Encyclopedie van Noord Brabant

Anton van Oirschot (1985-1986)

Gepubliceerd op 20-10-2020

GRAVE

betekenis & definitie

stad in Noord-Brabant, gegroeid bij het kasteel van de heren van Cuijk omstreeks 1130; gemeente, bestaande uit de stad Grave en de kerkdorpen Escharen en Velp.

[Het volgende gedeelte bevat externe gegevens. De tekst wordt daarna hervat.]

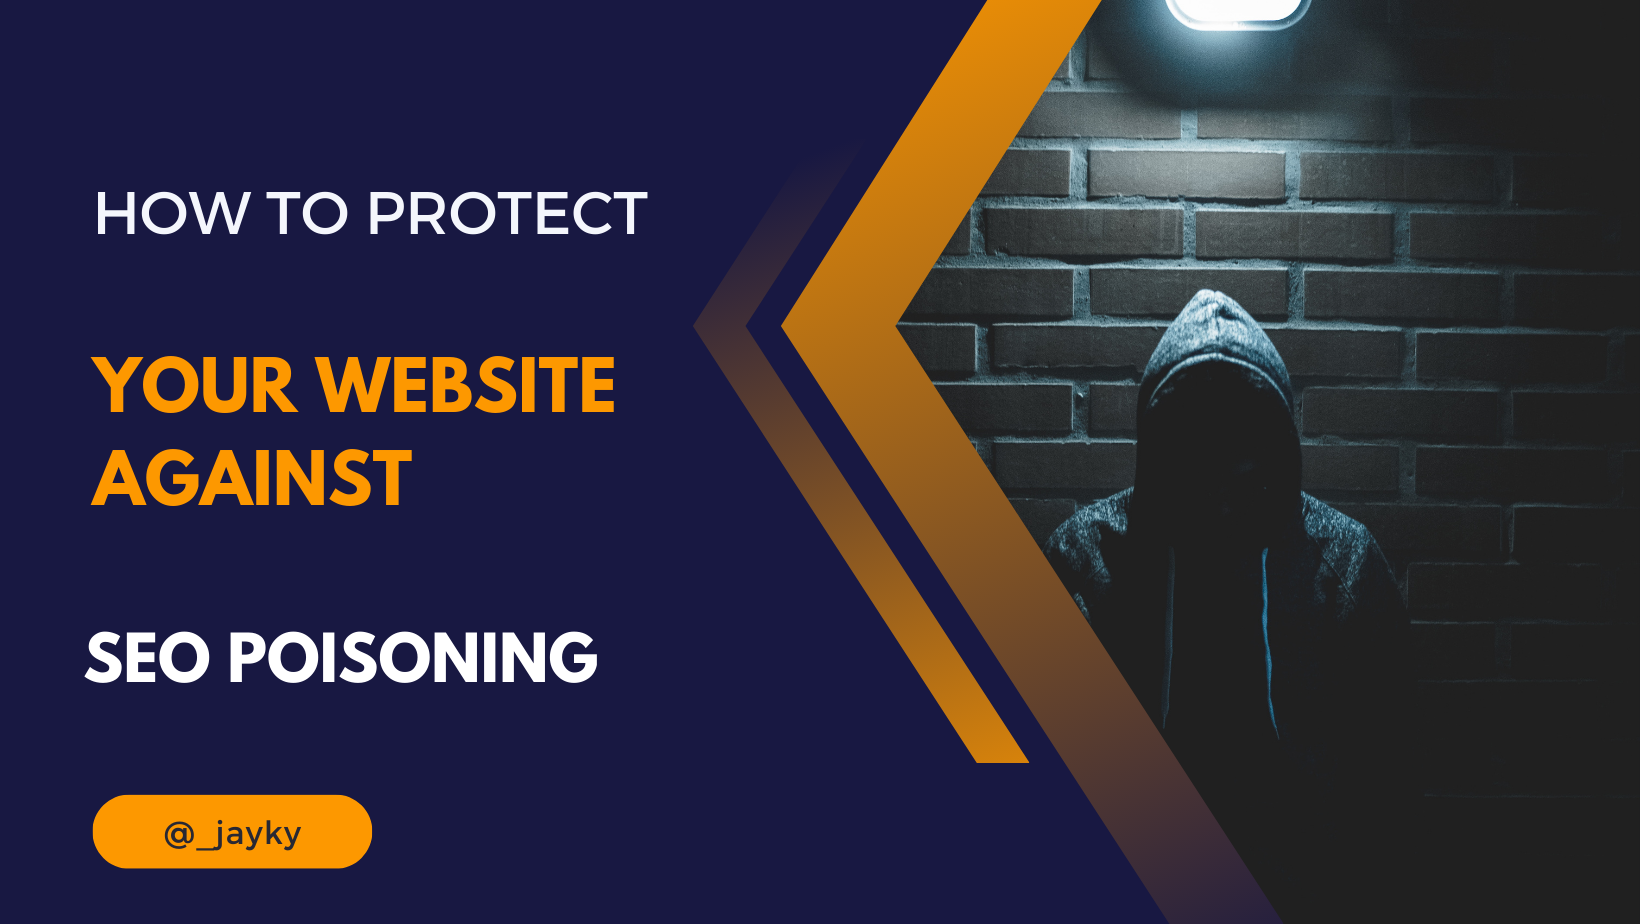 How to Protect Your Website Against SEO Poisoning

Ligging-, tussen de gemeenten Beers, Mill, Schaijk, Ravenstein en Heumen. Ligt aan de rivier de Maas in het Land van Cuijk. Inwoners: 10.378 (1984); Oppervlakte: 2113 ha.

Wapen: In blauw twee dwarsbalken van zilver, vergezeld van acht in zoom geplaatste merletten van zilver en in het hart een rode burcht, het schild gedekt met een gouden kroon van vijftien parels (1817); wapen was het blazoen van de heren van Cuijk, maar met andere kleuren. Bij Cuijk is het schild van goud, dwarsbalken en merletten van rood, terwijl de toren of vesting ontbreekt. Een merlet is een vogel met afgekapte snavel en poten.

De stadsvlag is hiervan ook afgeleid: vijf even hoge banen van geel en rood met op de gele banen drie, twee en drie rode merletten, evenredig verdeeld over de banen. Deze vlag werd vergezeld van een tekening op 18 maart 1858 aan de commissaris des konings in Noord-Brabant verstrekt door het gemeentebestuur van Grave als de stadsvlag „van ouds”. Geschiedenis: Grave is gesticht in het begin van de 11e eeuw door Herman II van Kuijk. De heren van Kuijk schijnen van oorsprong uit de Betuwe te komen. Zij hadden vele bezittingen en contacten met de graven van Gelre, Holland en Vlaanderen, de hertog van Brabant, de koning van Engeland en de bisschoppen van Utrecht en Keulen.

Van groot belang voor Grave is Jan I van Kuijk, regerend van 1265-1308 en meestal residerend op het kasteel in Grave. Onder Jan I wordt de stad uitgebreid en versterkt. In 1285 vinden de eerste vijandelijkheden tussen de versterkte stad en troepen van Reinhoud I van Gelre plaats. Jan I vertoeft meerdere malen aan naburige hoven en neemt deel aan de Guldensporenslag bij Kortrijk in het jaar 1304.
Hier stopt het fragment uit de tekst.